From: Philippe Verdy (verdy_p@wanadoo.fr)
Date: Mon Nov 10 2003 - 08:29:26 EST

  • Next message: Philippe Verdy: "Re: Tamil 0BB3 and 0BD7"

    From: "Peter Kirk" <peterkirk@qaya.org>
    > This does not affect my argument. A combining character sequence, as
    > defined, does not perfectly fit your definition "an unordered set of
    > sequences of characters having the same combining class." But it is
    > preserved under canonical normalisation. Well, perhaps that depends what
    > you mean by "preserved". If you mean that its code point representation
    > is unchanged, that is not true your starter sequences either. If it
    > means that its semantics are unchanged, it is true by definition of any
    > string of Unicode characters that its semantics are unchanged by
    > canonical normalisation, or indeed by any transformation into a
    > canonically equivalent form.

    I did not say the opposite (that normalization could change semantics).
    But normalization does not work at the combining character sequence
    level but at the starter sequence level, and it bases the character identity
    on this model, that excludes sequences of non-defective starter
    sequences (such as non-defective combining sequences) of any semantic
    constraints.

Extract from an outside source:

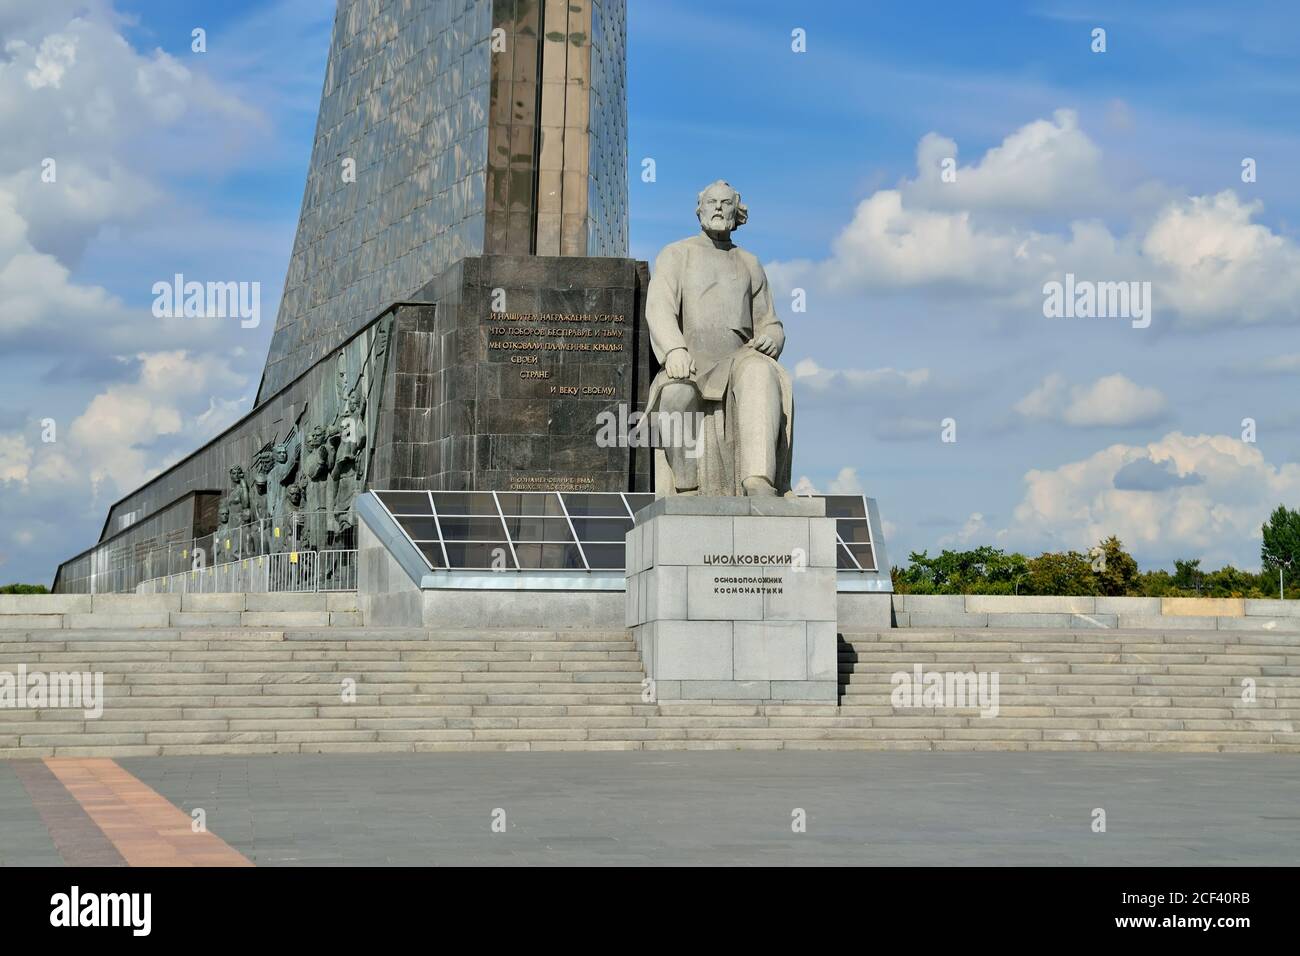 Mosca, Russia - 25 agosto 2020: Monumento a Konstantin Eduardovich Tsiolkovsky, il fondatore della cosmonautica nel Museo Cosmonautico. Mosca, Russ Foto Stock
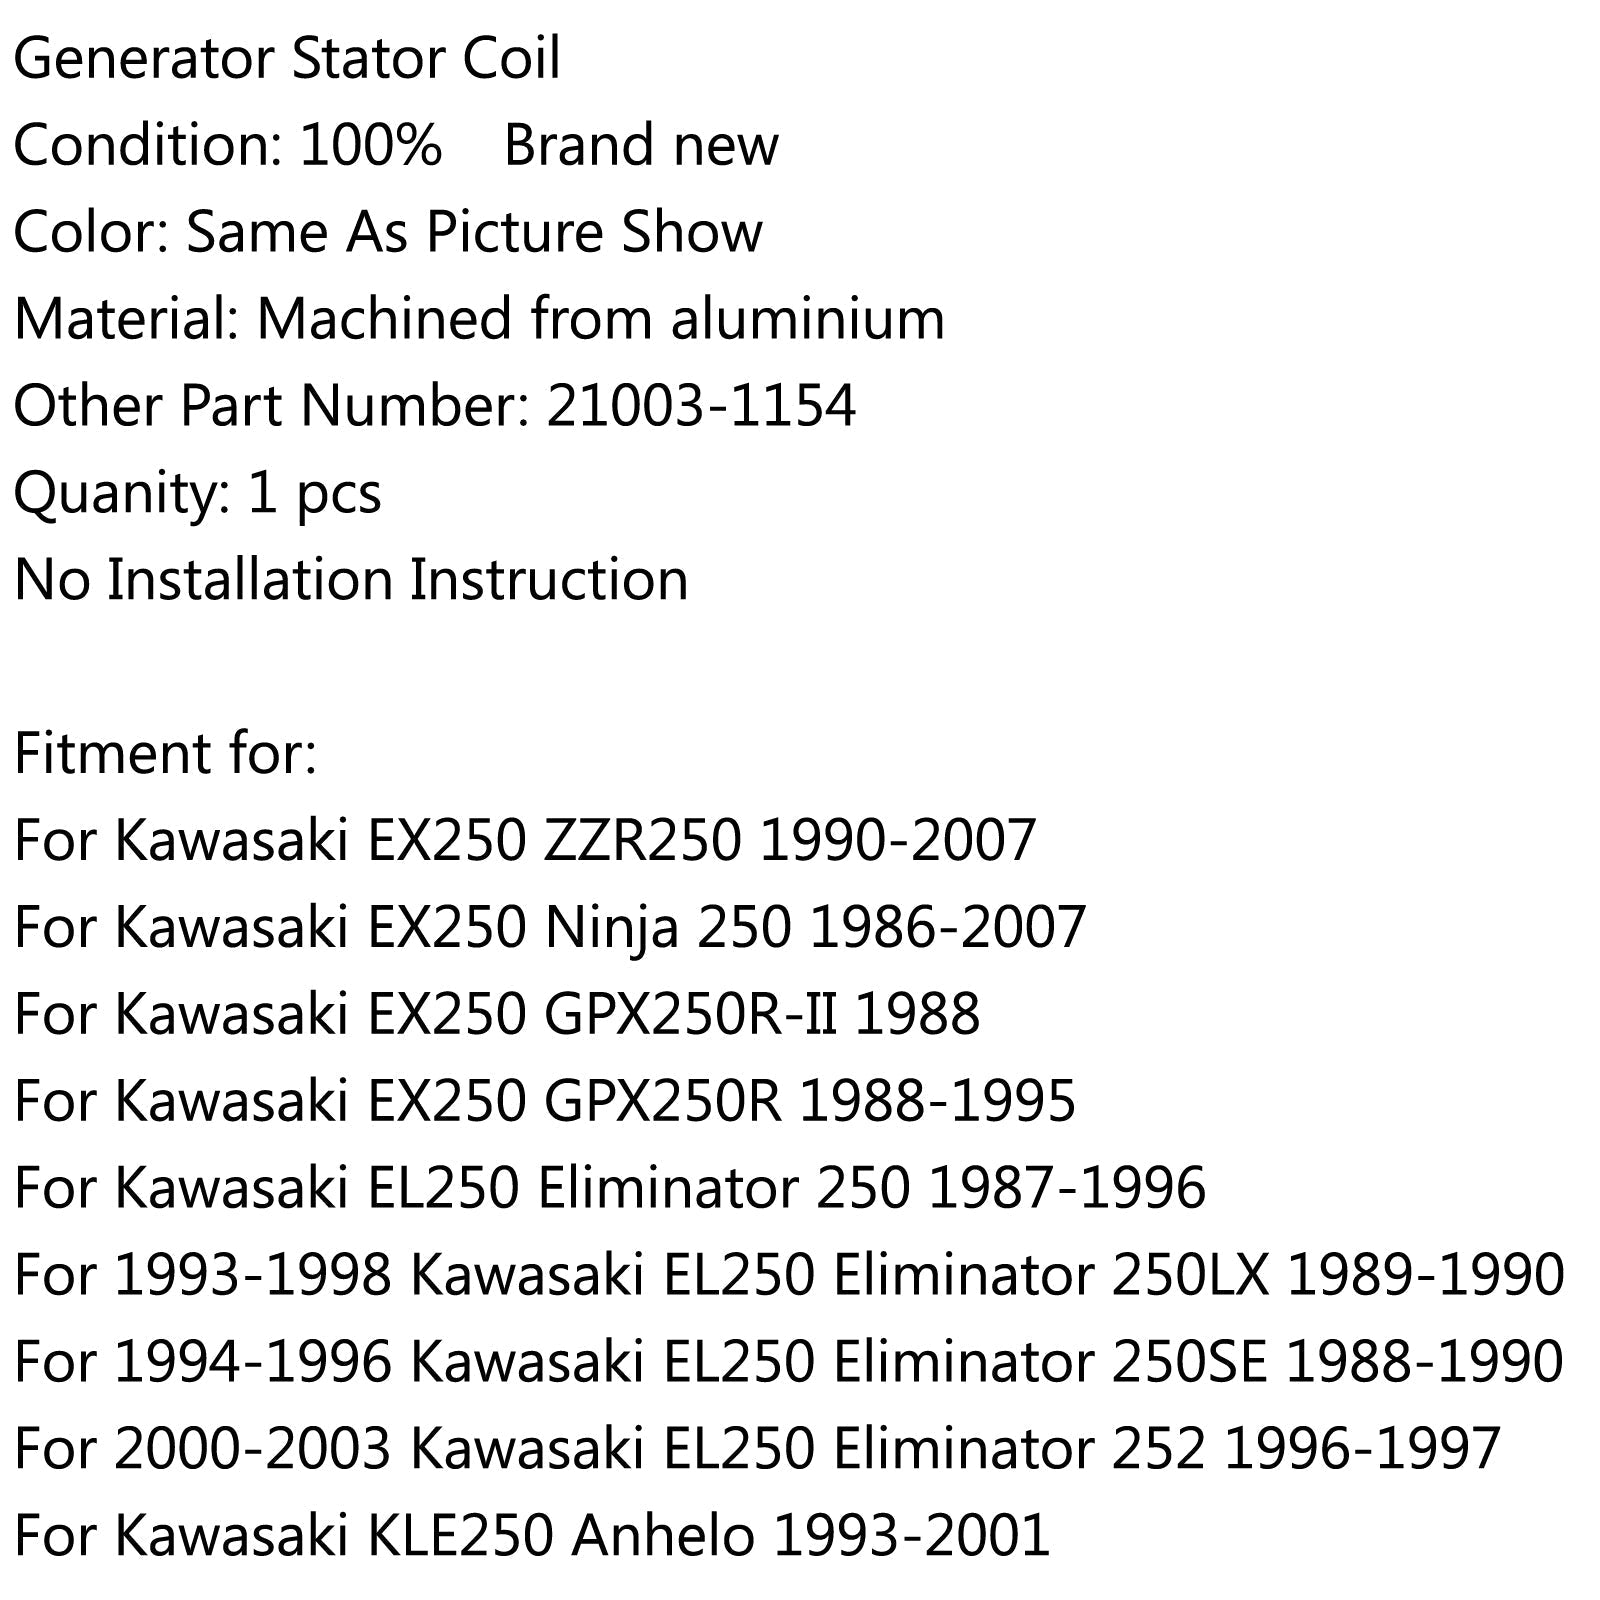 Bobine de stator de générateur pour Kawasaki EX250 Ninja 250 (86-2007) ZZR250 (90-2007) Générique

Normalization effectively ignores combining sequences which
    are only a part of the text.

    > >I still maintain that there's no terminology to designate what I call a
    > >starter sequence.
    > >
    > >
    > >
    > Agreed. But does it matter? It does so only if this is a meaningful unit
    > within Unicode. On my understanding, a sequence of combining characters
    > all of class >0 is meaningful because this is what canonical reordering
    > operates on. But such a sequence does not necessarily form a unit with
    > the preceding character.

    It does matter, because this causes ambiguity in the terminology used
    when speaking about normalization constraints, under the stability policy,
    and applies constraints on the way that combining sequences can be safely
    encoded (when this needs multiple starters, like a base character and CGJ).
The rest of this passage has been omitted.